══ Data shown ══

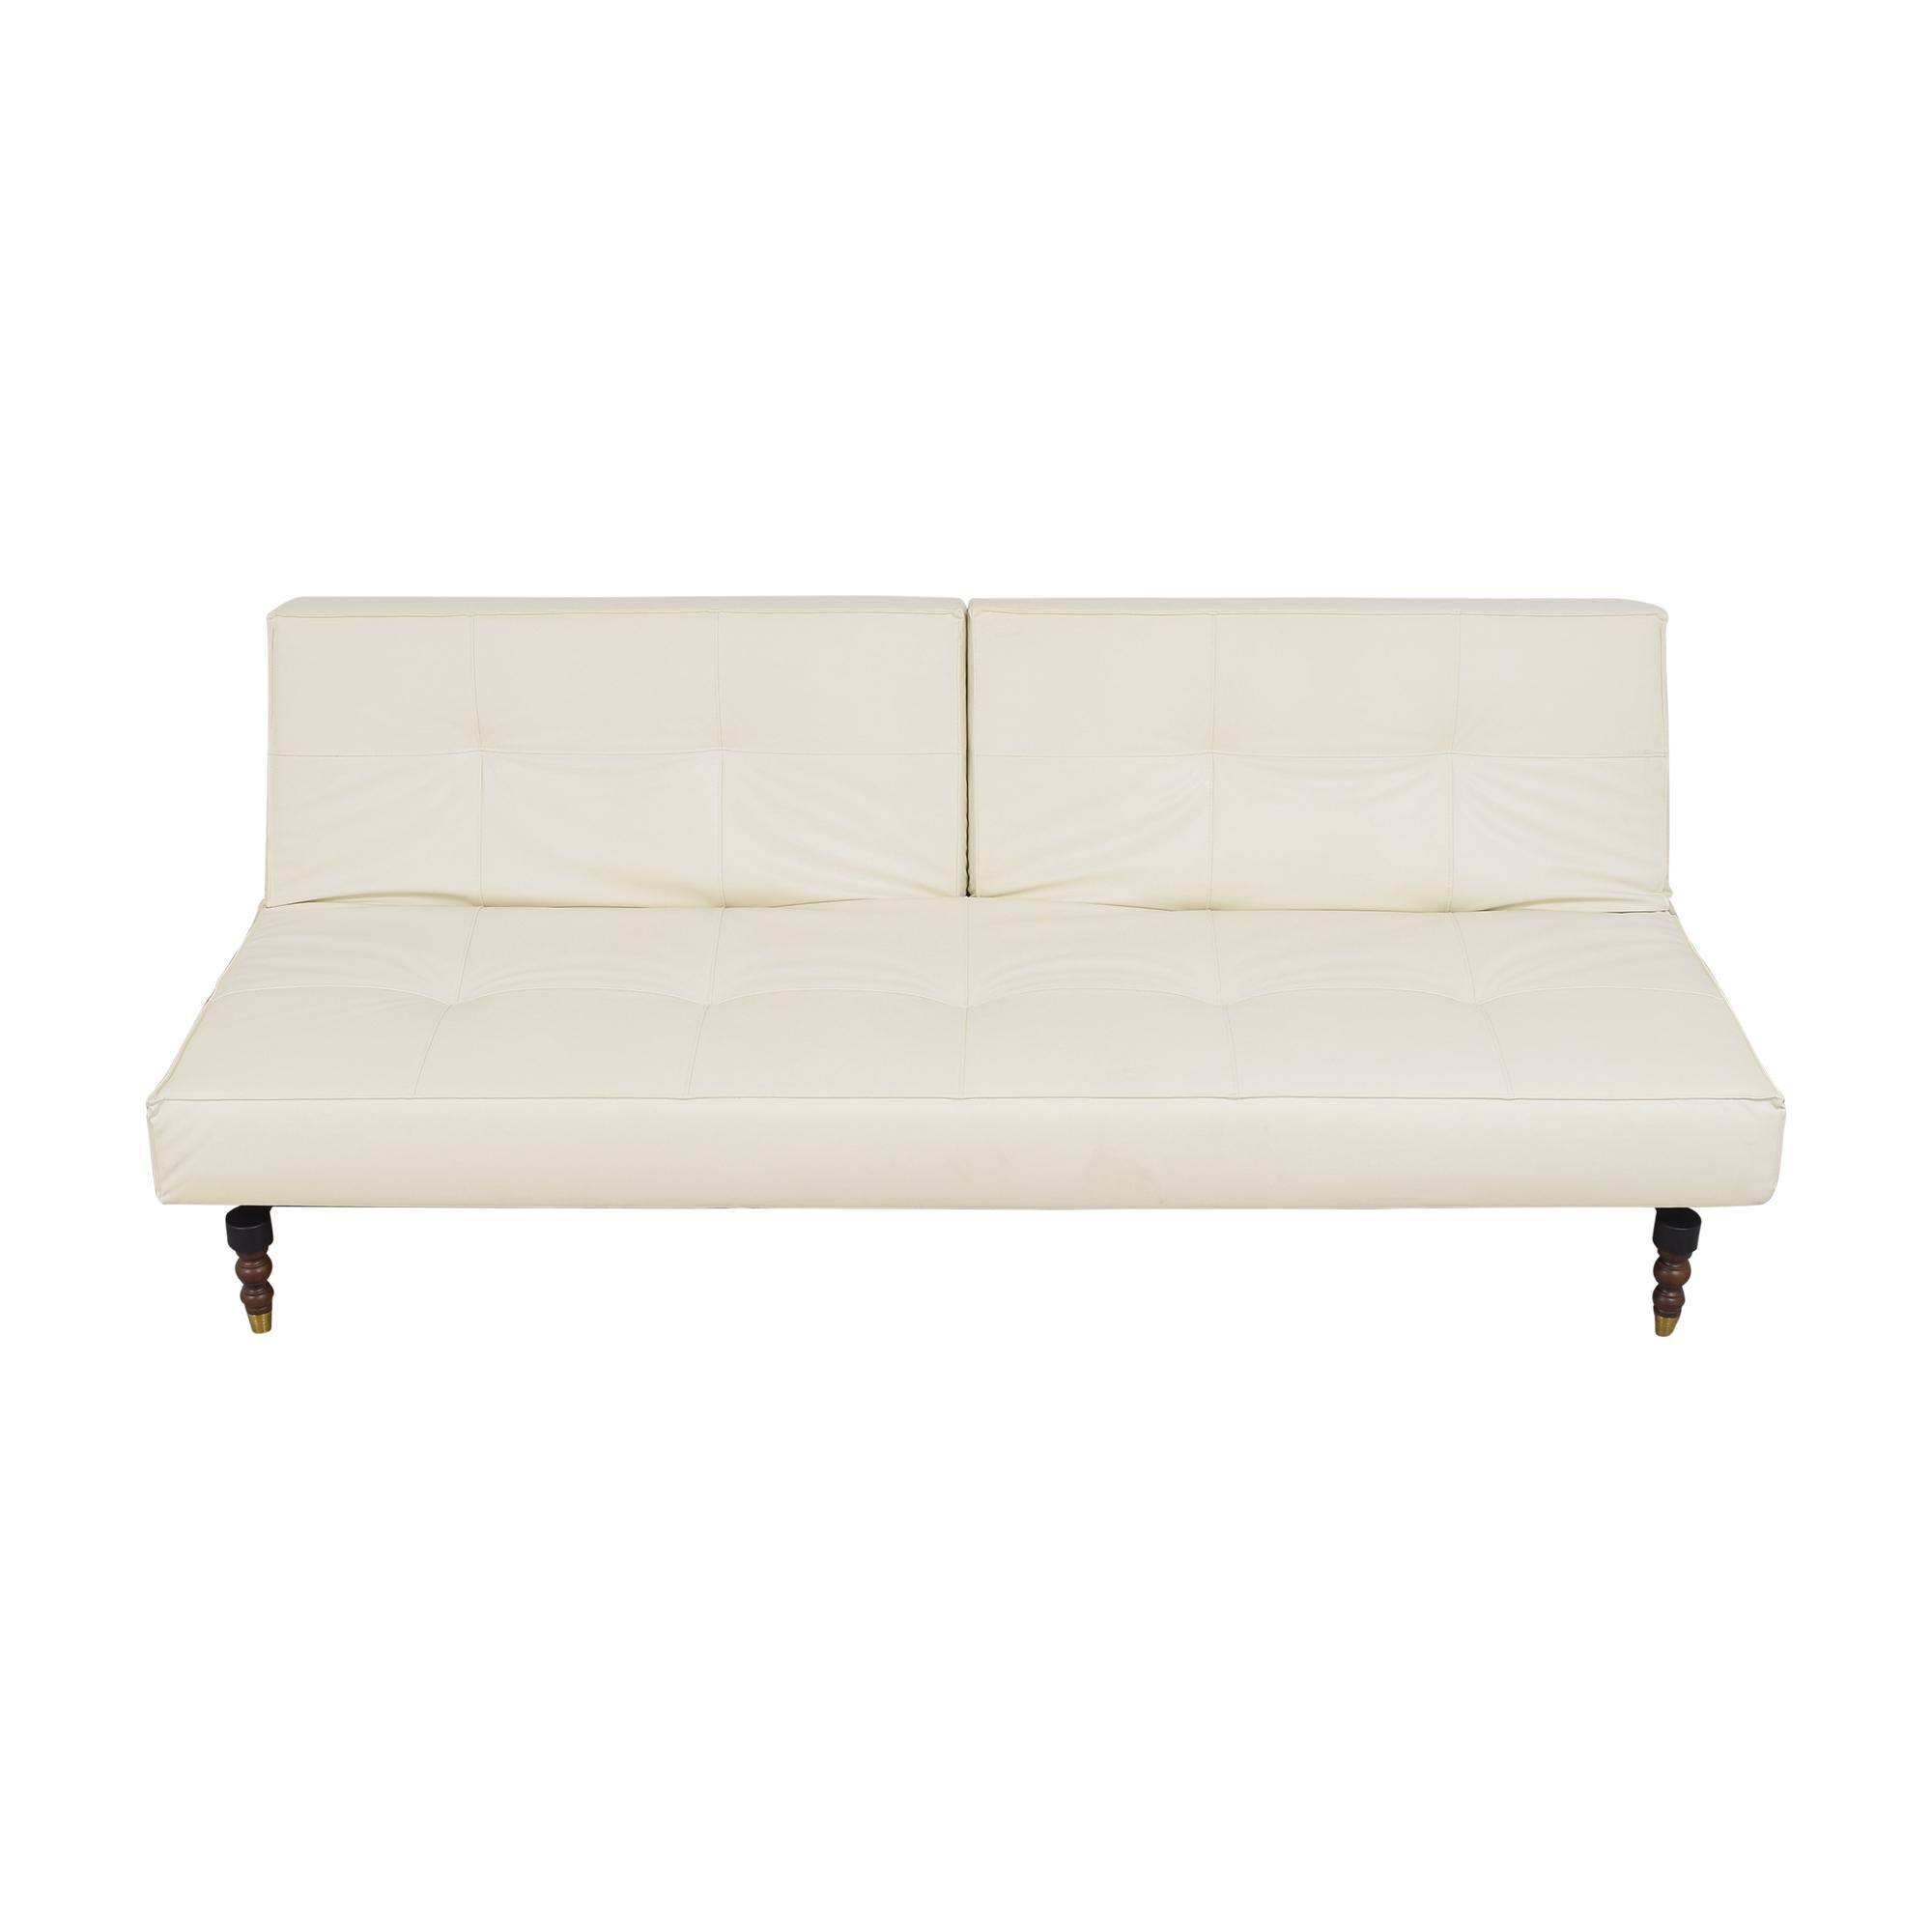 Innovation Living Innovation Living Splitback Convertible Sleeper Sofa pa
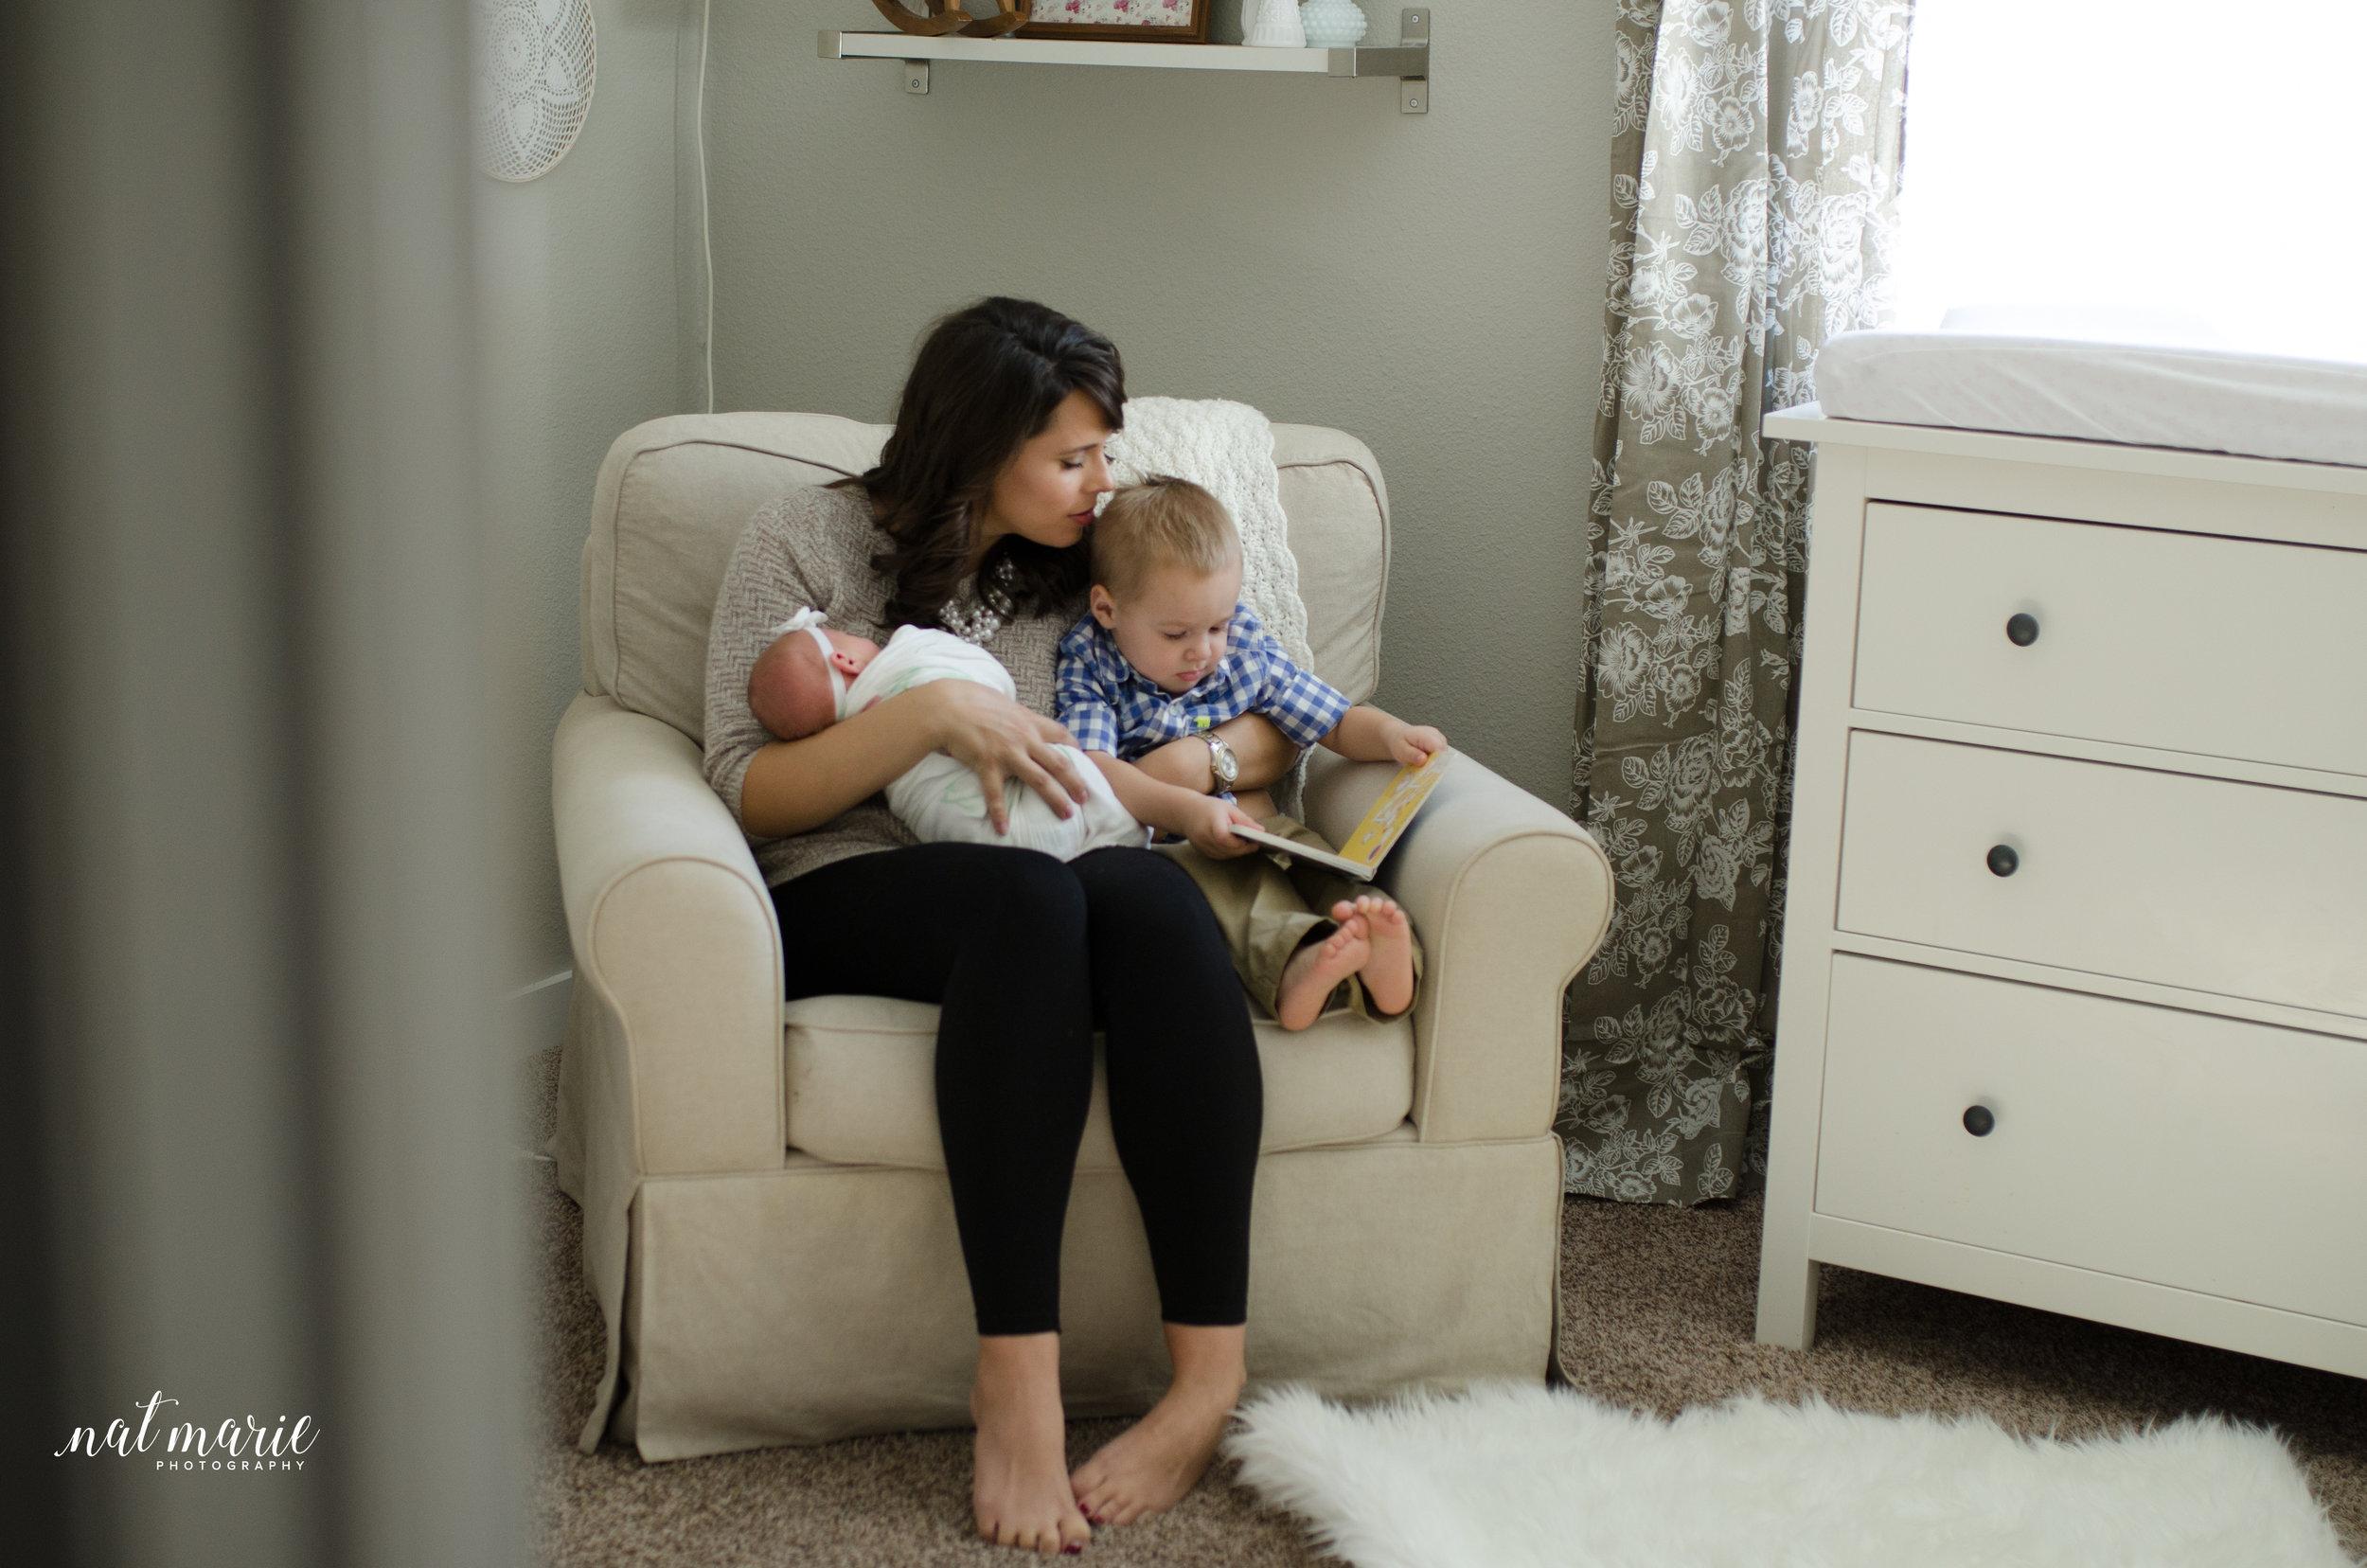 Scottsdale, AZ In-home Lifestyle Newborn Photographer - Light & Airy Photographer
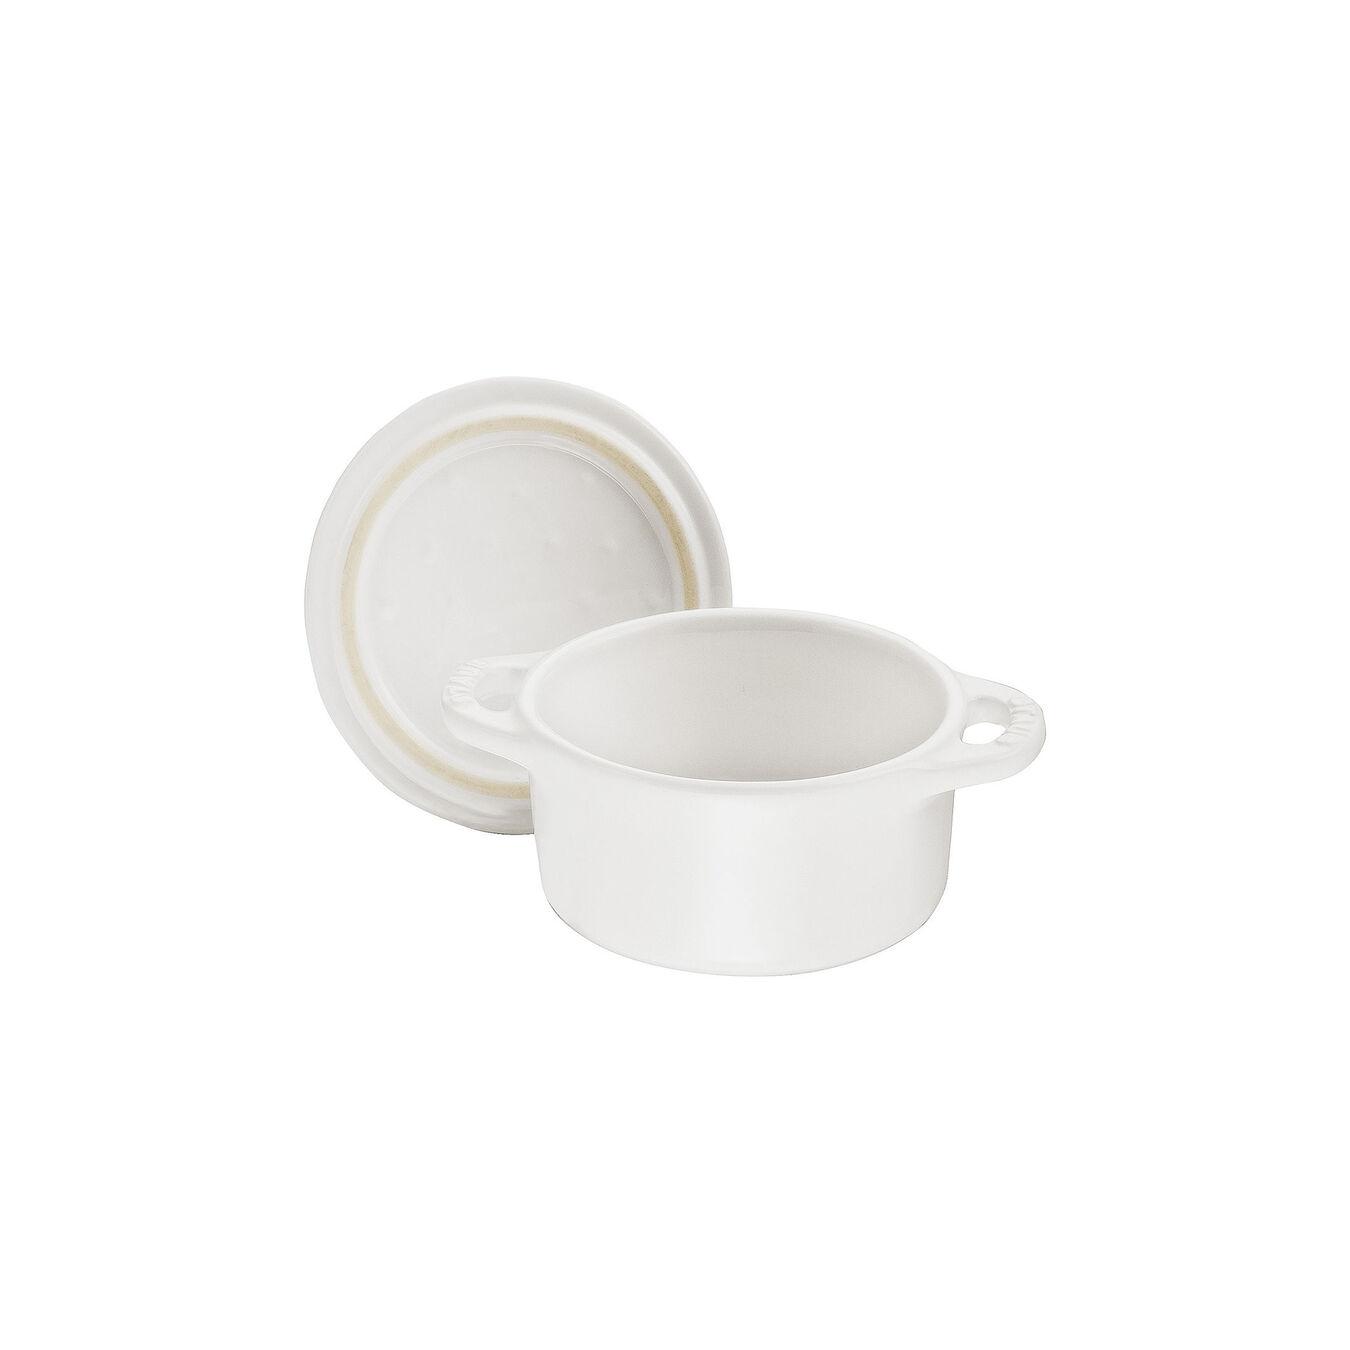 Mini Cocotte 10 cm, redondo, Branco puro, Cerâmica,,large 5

═══

- _Task item_:
What you return must match the data above exactly, with no images included.

- _Response to this task_:
 Innovation Living Innovation Living Splitback Convertible Sleeper Sofa pa
 Scottsdale, AZ In-home Lifestyle Newborn Photographer - Light & Airy Photographer
 Mini Cocotte 10 cm, redondo, Branco puro, Cerâmica,,large 5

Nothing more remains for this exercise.